The academic year has begun, and I’m teaching our second-year Quantum Mechanics course again. I was pretty happy with last year’s version, and the students didn’t completely disagree.

This year, there have been a few changes to the structure of the course — although not as much to the content as I might have liked (“if it ain’t broke, don’t fix it”, although I’d still love to use more of the elegant Dirac notation and perhaps discuss quantum information a bit more). We’ve moved some of the material to the first year, so the students should already come into the course with at least some exposure to the famous Schrödinger Equation which describes the evolution of the quantum wave function. But of course all lecturers treat this material slightly differently, so I’ve tried to revisit some of that material in my own language, although perhaps a bit too quickly.

Perhaps more importantly, we’ve also changed the tutorial system. We used to attempt an imperfect rendition of the Oxbridge small-group tutorial system, but we’ve moved to something with larger groups and (we hope) a more consistent presentation of the material. We’re only on the second term with this new system, so the jury is still out, both in terms of the students’ reactions, and our own. Perhaps surprisingly, they do like the fact that there is more assessed (i.e., explicitly graded, counting towards the final mark in the course) material — coming from the US system, I would like to see yet more of this, while those brought up on the UK system prefer the final exam to carry most (ideally all!) the weight.

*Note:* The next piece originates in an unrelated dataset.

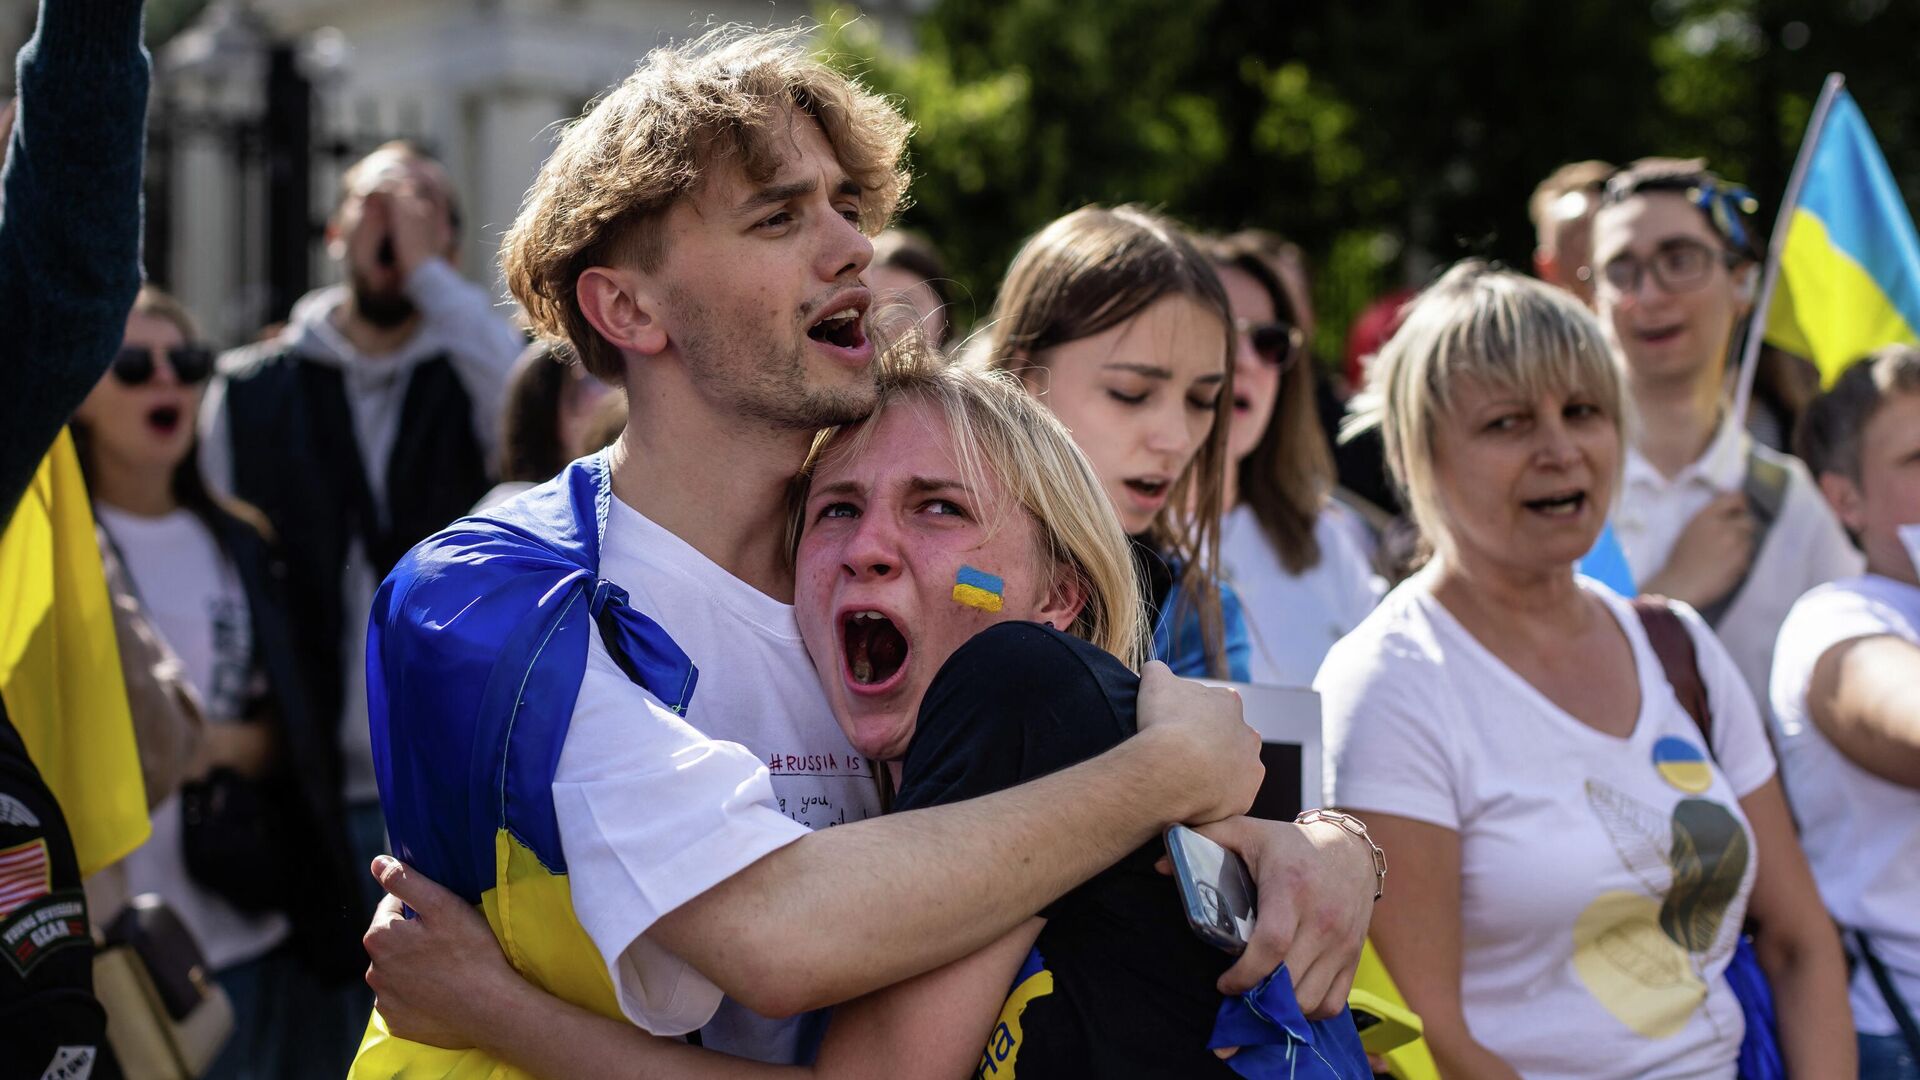 Европа против украины. Шведы болельщики. Украинцы в Европе. Русские и украинцы. Польская молодежь.
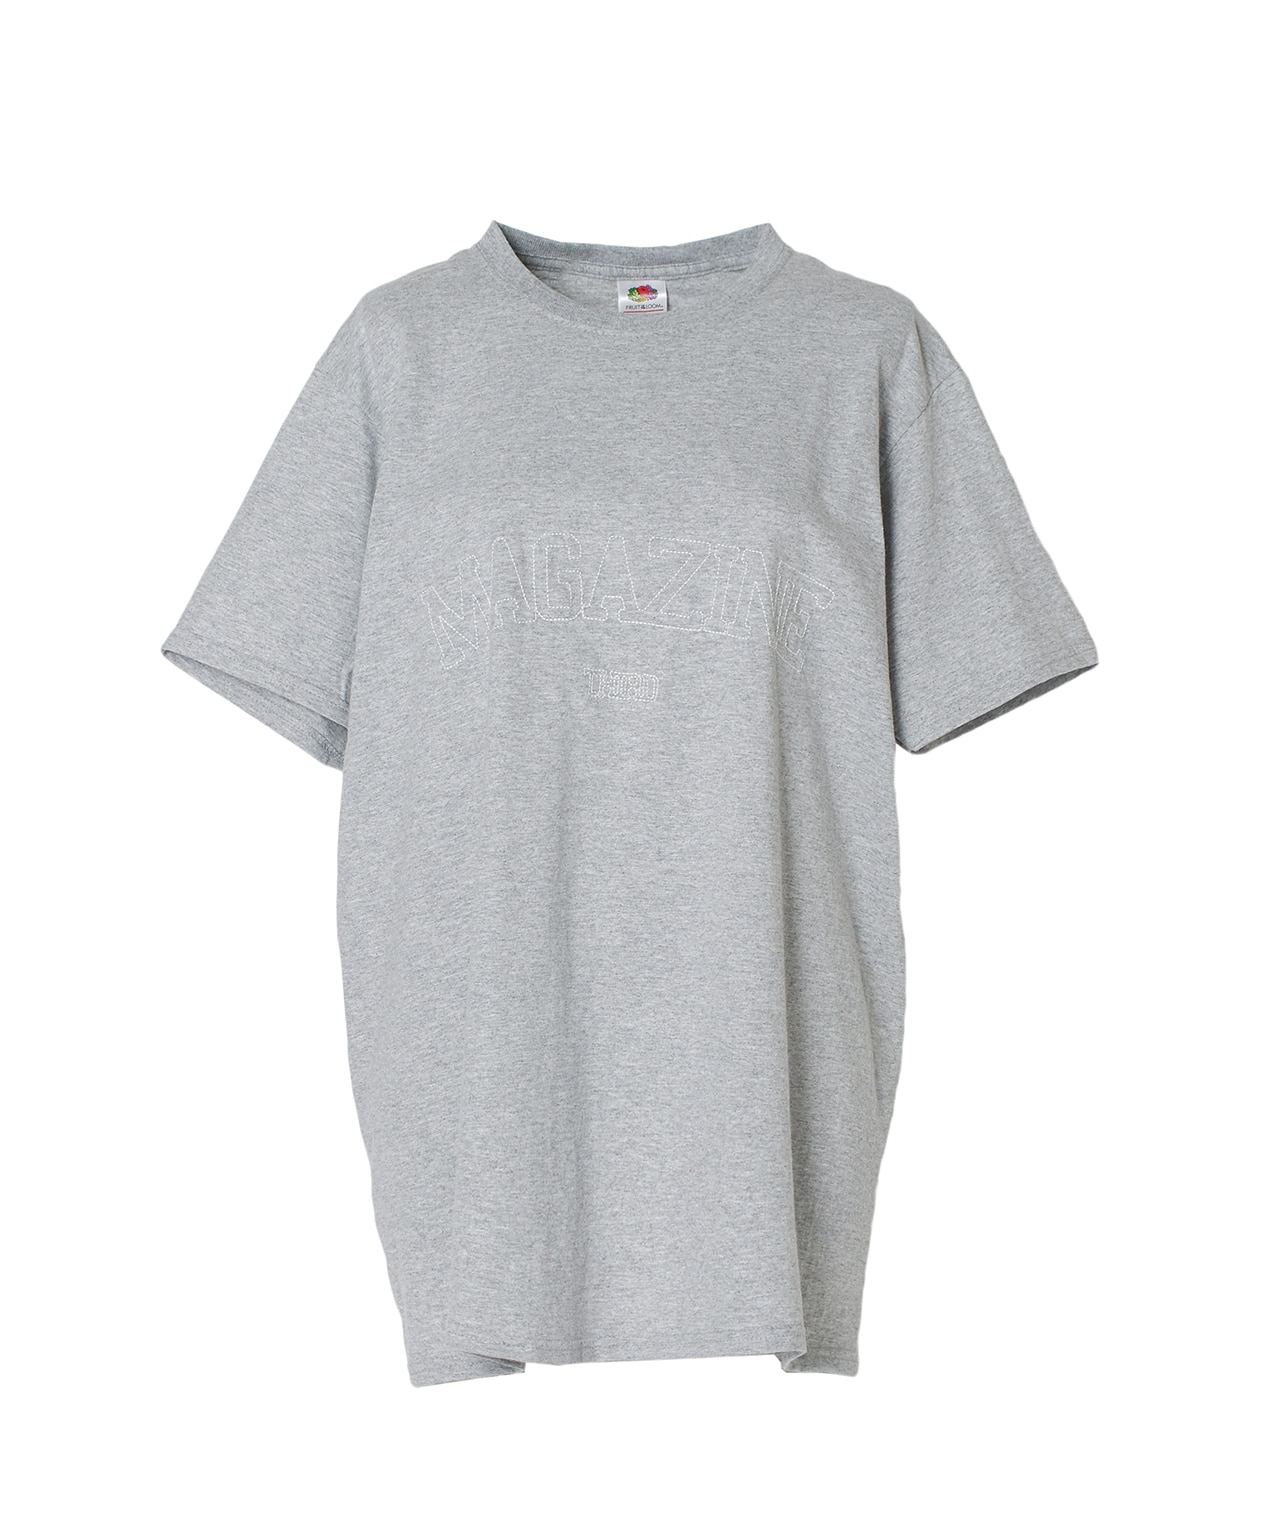 【別注】FRUIT OF THE LOOM/ビッグロゴ刺繍パックTシャツ 詳細画像 ホワイト/グレー 9

So far I’ve given three lectures, including a last-minute swap yesterday. The first lecture — mostly content-free — went pretty well, but I’m not too happy with my performance on the last two: I’ve made a mistake in each of the last two lectures. I’ve heard people say that the students don’t mind a few (corrected) mistakes; it humanises the teachers. But I suspect that the students would, on the whole, prefer less-human, more perfect, lecturing…

Yesterday, we were talking about a particle trapped in a finite potential well — that is, a particle confined to be in a box, but (because of the weirdness of quantum mechanics) with some probability of being found outside. That probability depends upon the energy of the particle, and because of the details of the way I defined that energy (starting at a negative number, instead of the more natural value of zero), I got confused about the signs of some of the quantities I was dealing with. I explained the concepts (I think) completely correctly, but with mistakes in the math behind them, the students (and me) got confused about the details. But many, many thanks to the students who kept pressing me on the issue and helped us puzzle out the problems.

Today’s mistake was less conceptual, but no less annoying — I wrote (and said) “cotangent” when I meant “tangent” (and vice versa). In my notes, this was all completely correct, but when you’re standing up in front of 200 or so students, sometimes you miss the detail on the page in front of you. Again, this was in some sense just a mathematical detail, but (as we always stress) without the right math, you can’t really understand the concepts. So, thanks to the students who saw that I was making a mistake, and my apologies to the whole class.